This invention relates in general to splices between electrical cables, and, more specifically to a splice and method of splicing for use with superconducting cables.
Electrical cables, being finite in length, often need to be spliced together to form a very long, electrically continuous, cable. With the usual materials, such as copper or aluminum, used at ambient temperatures, the two cables are generally simply mechanically fastened together or soldered together. Typical of the prior art techniques for joining two conductors together are the crimp rings disclosed by Bennett in U.S. Pat. No. 3,231,964, and soldering as described by McIntosh et al in U.S. Pat. No. 3,517,150.
Superconducting cables, however, have physical characteristics making such simple splicing techniques either unworkable or difficult. Superconductors are materials, often metals or ceramics, that lose all resistance when cooled below a critical temperature. Many materials have superconducting capabilities, although most only superconduct at temperatures approaching 0.degree. K. The most practical for use in superconducting magnets and the like are those that superconduct at or near the boiling temperature of liquid helium; typically, Nb-Zr and Nb-Ti alloys and the compound Nb.sub.3 Sn. The most common method of splicing such superconductors has been the lap splice, where the cable ends are overlapped and soldered together. Such soldered splices exhibit relatively high resistance which can lead to excessive local heating, to the point where the spliced superconductors are raised above the critical superconducting temperature and cease to superconduct.

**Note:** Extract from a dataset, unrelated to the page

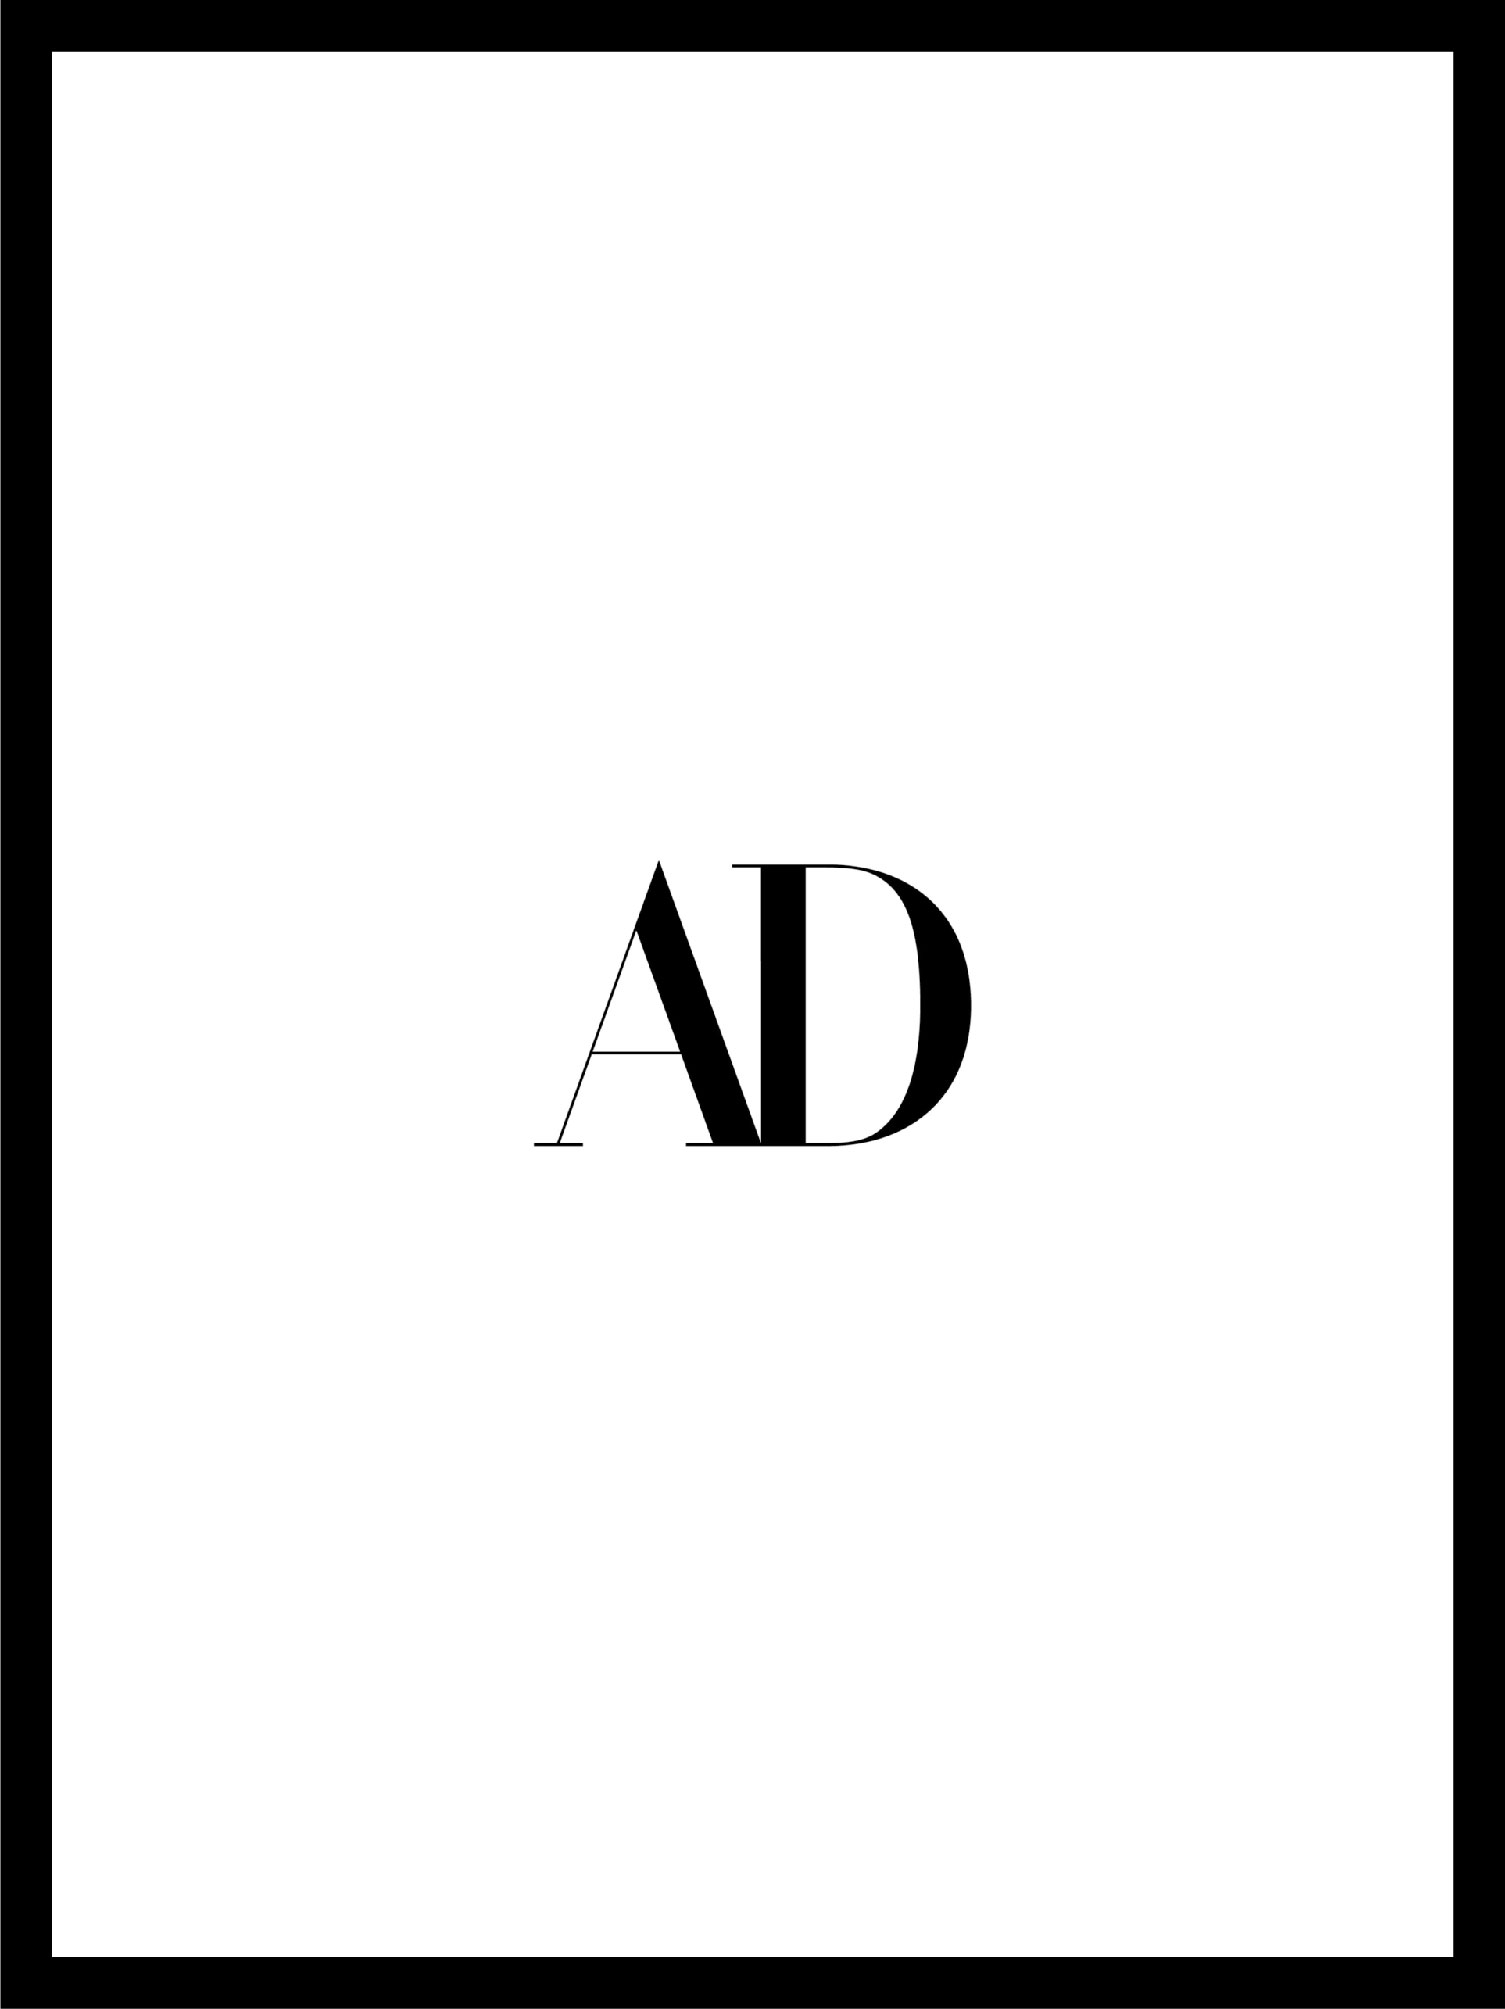 logo of the magazine AD

A number of different methods have been developed in order to connect ends of superconductor cables without interposing a high resistance material, such as solder, between them. Where the cable has multiple strands, simply overlapping the strands of each cable and crimping them together has been proposed by Wada et al. in U.S. Pat. No. 4,794,688. However, this is not effective with bar or other single strand superconductor cables and provides only a mechanical joint which may have insufficient strength for some applications and leaves the superconductor subject to corrosion.
Multi-filament cable ends have been joined by intertwining the superconductor filaments, heating to a diffusion temperature then crimping a sleeve over the connection as described by Smathers in U.S. Pat. No. 5,111,574. This is a complex process which may degrade the superconducting properties and would be difficult to consistently accomplish outside of a laboratory environment.
Jones, in U.S. Pat. No. 4,631,808 places two cable ends in parallel, crimps a sleeve of superconducting material over the ends, then embeds the entire assembly in a conductor. This method, however, is not suitable for a continuous cable to be wound into a coil or the like.
Thus, there is a continuing need for a simple but effective method of splicing ends of superconducting cables together to form a longer cable suitable for winding into magnet coils and the like, where high resistance splices, with the attendant undesirable heating, are avoided and where the splice can be easily made in a factory environment.